His willingness to transcend traditional barriers, to upend the typical notions of what was “correct,” and to explore his identity even in unforgiving settings inspired me. Because Mr. Reese was bold enough to author his own life, I realized I could do the same. I connected my essays to universal themes not by avoiding my personal input but by speaking through my own life. I grew invested in writing in a way that I’d never been before. I wrote to myself at the end of tenth grade, “[i]f you do nothing else, carry one lesson with you throughout the rest of the school year: writing requires a personality,” because readers connect with the people behind the words, not the words themselves (Ngai 1).

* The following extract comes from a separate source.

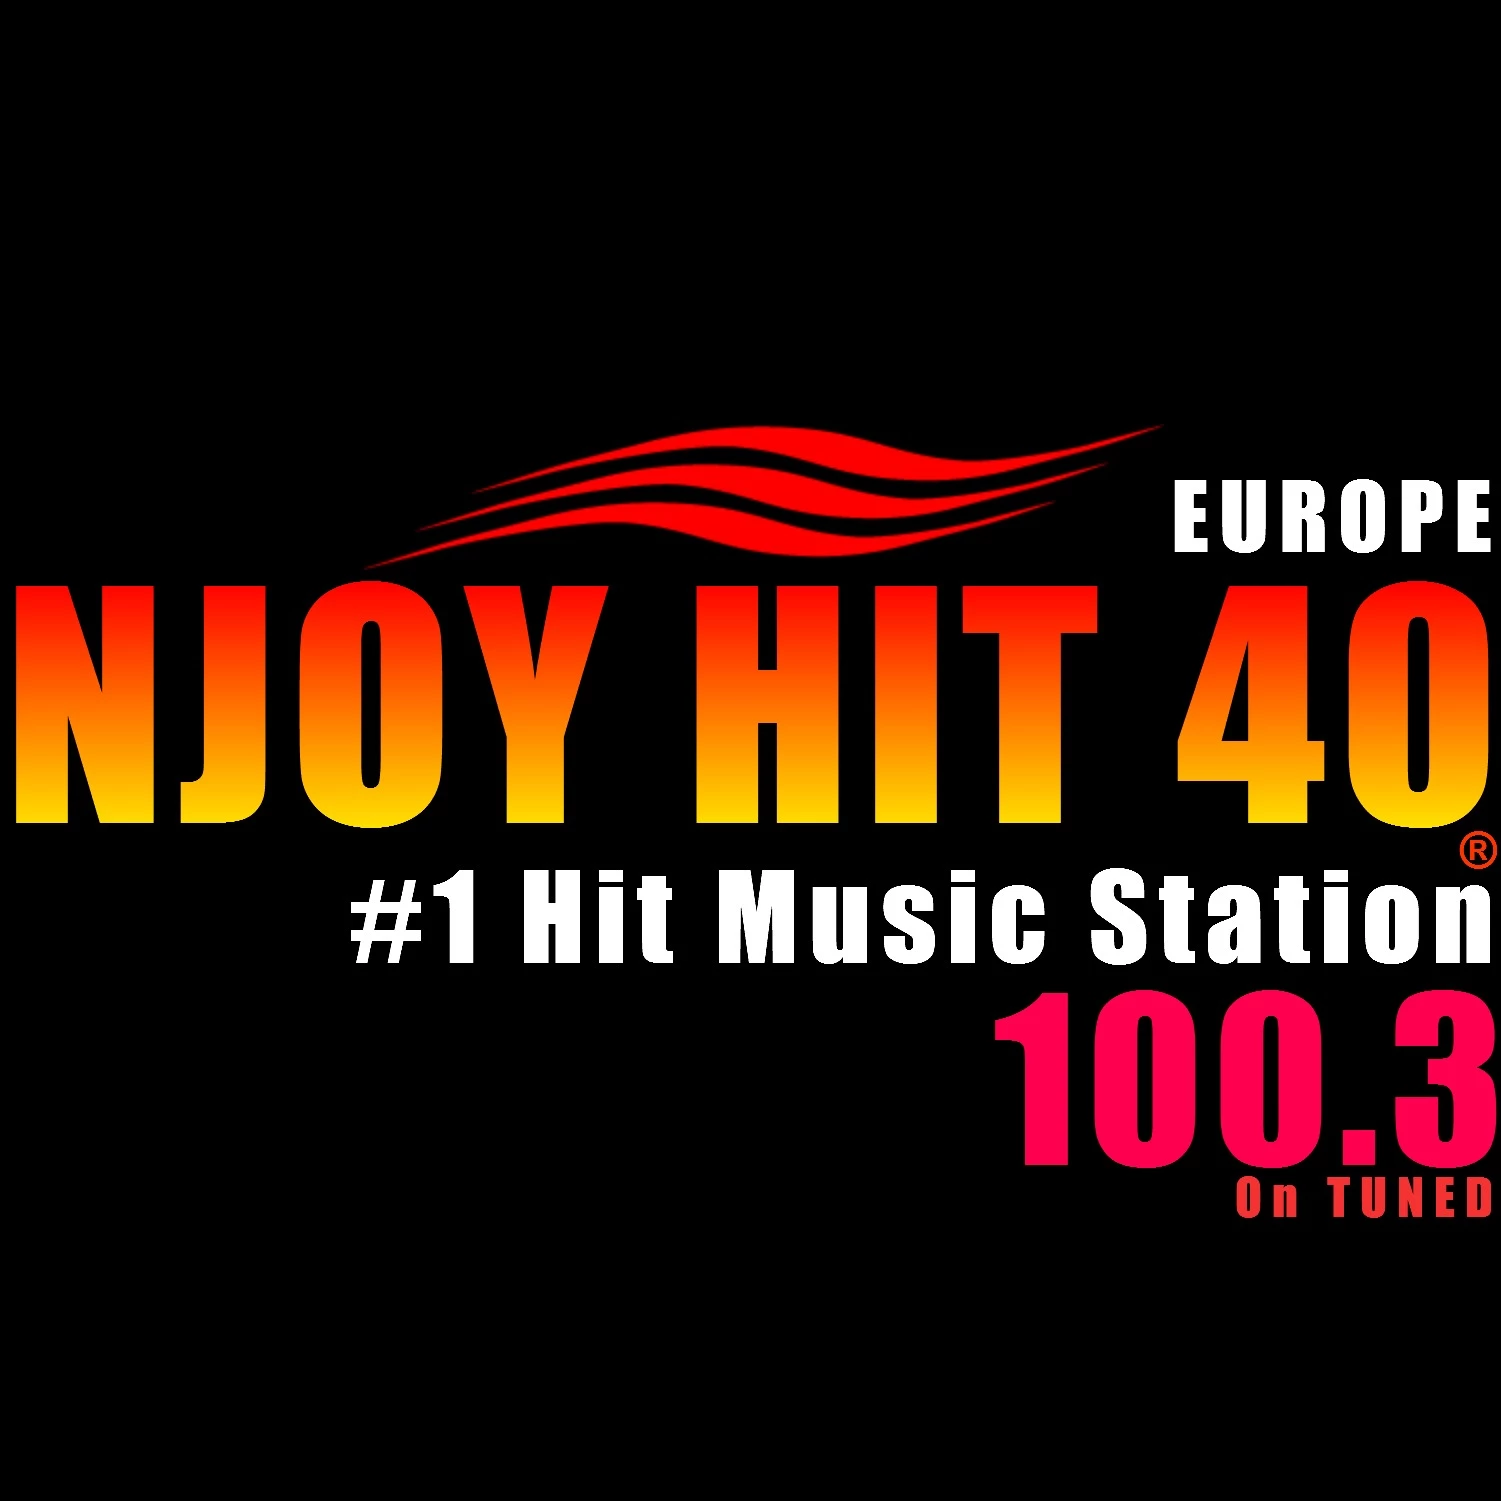 Njoy Hit 40 Medias One 100.3 Mhz
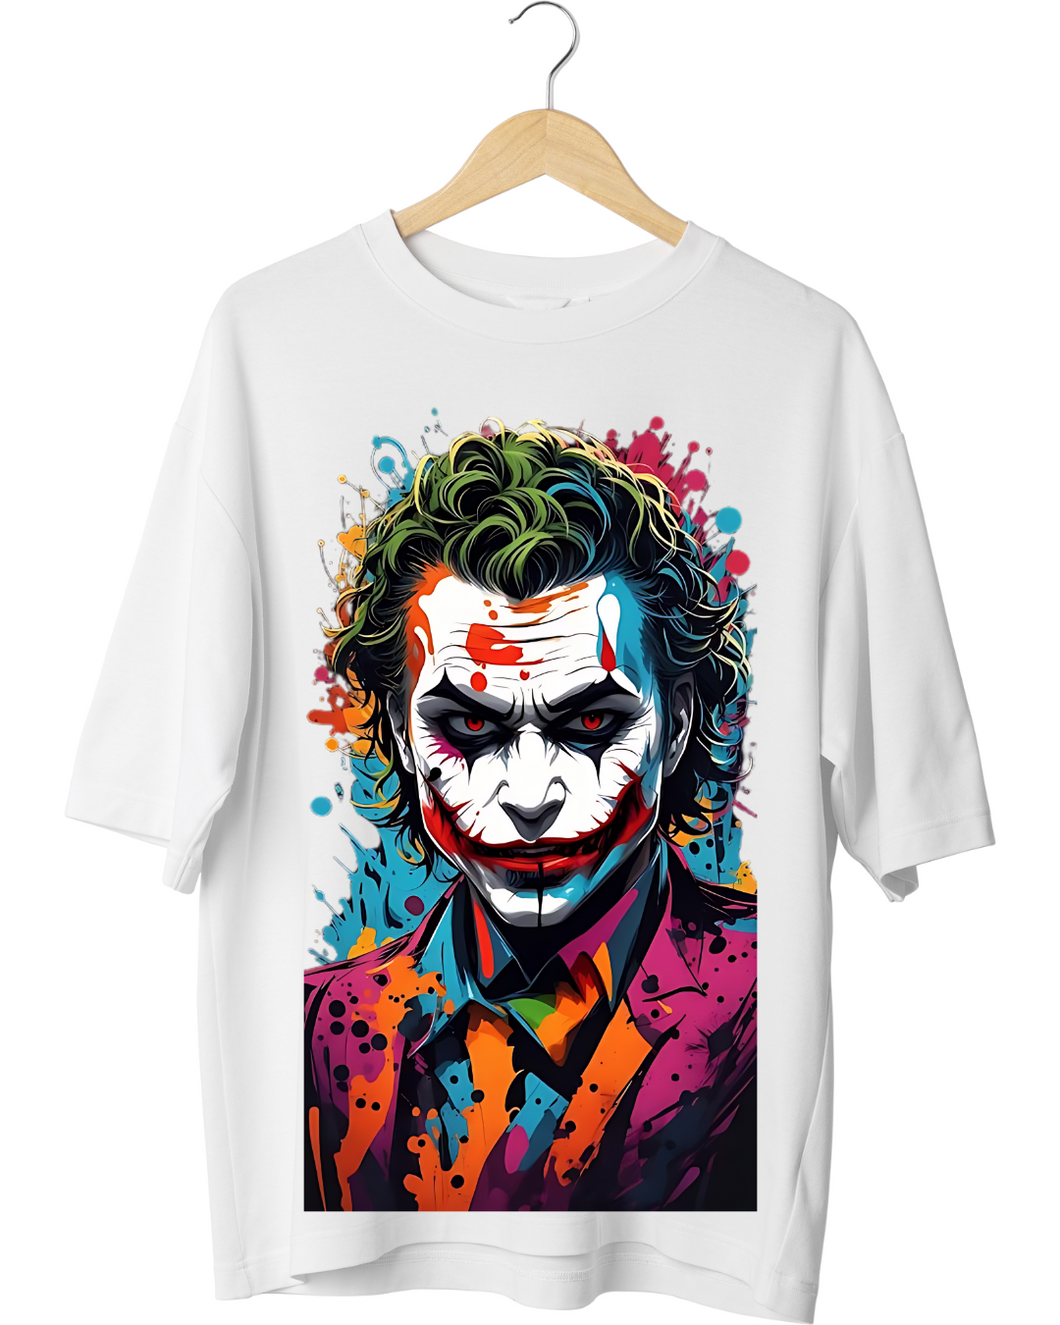 Men's Oversized Joker Pop art Print T-shirt

At the end of my letter, I told myself, “[b]e passionate about the topics you choose. The prompt never confines you as much as your mindset does” (2). My old mindset was that a good teacher would be unlike Mr. Reese and that a good student would write about anything but herself. That mindset convinced me to hide the parts of myself that would eventually make my essays exciting both to write and to read. Thankfully, Mr. Reese helped me realize the place that my personal life has in my writing. Without Mr. Reese, I wouldn’t care about my writing as much as I do now. Now, I approach everything that I write with the hopes of having somebody connect with me through it. As an author, it is my job to put myself into my essays, to provide something for my readers to connect to, just as Mr. Reese gave me something to connect to by preserving the parts of himself that made him different.
WORKS CITED
Ngai, Victoria. “Letter to My Younger Self.” 29 May 2020. English 10 Honors, Valley Christian High School, student paper.
Rodriguez, Richard. “Aria: A Memoir of a Bilingual Childhood.” The American Scholar, vol. 50, no. 1, winter 1981, pp. 25–42. JSTOR, http://www.jstor.org/stable/41210690. Accessed 24 Oct. 2022.
Young, Vershawn Ashanti. “Casualties of Literacy.” Your Average N****: Performing Race, Literacy, and Masculinity, Wayne State University Press, 2007, pp. 105-23.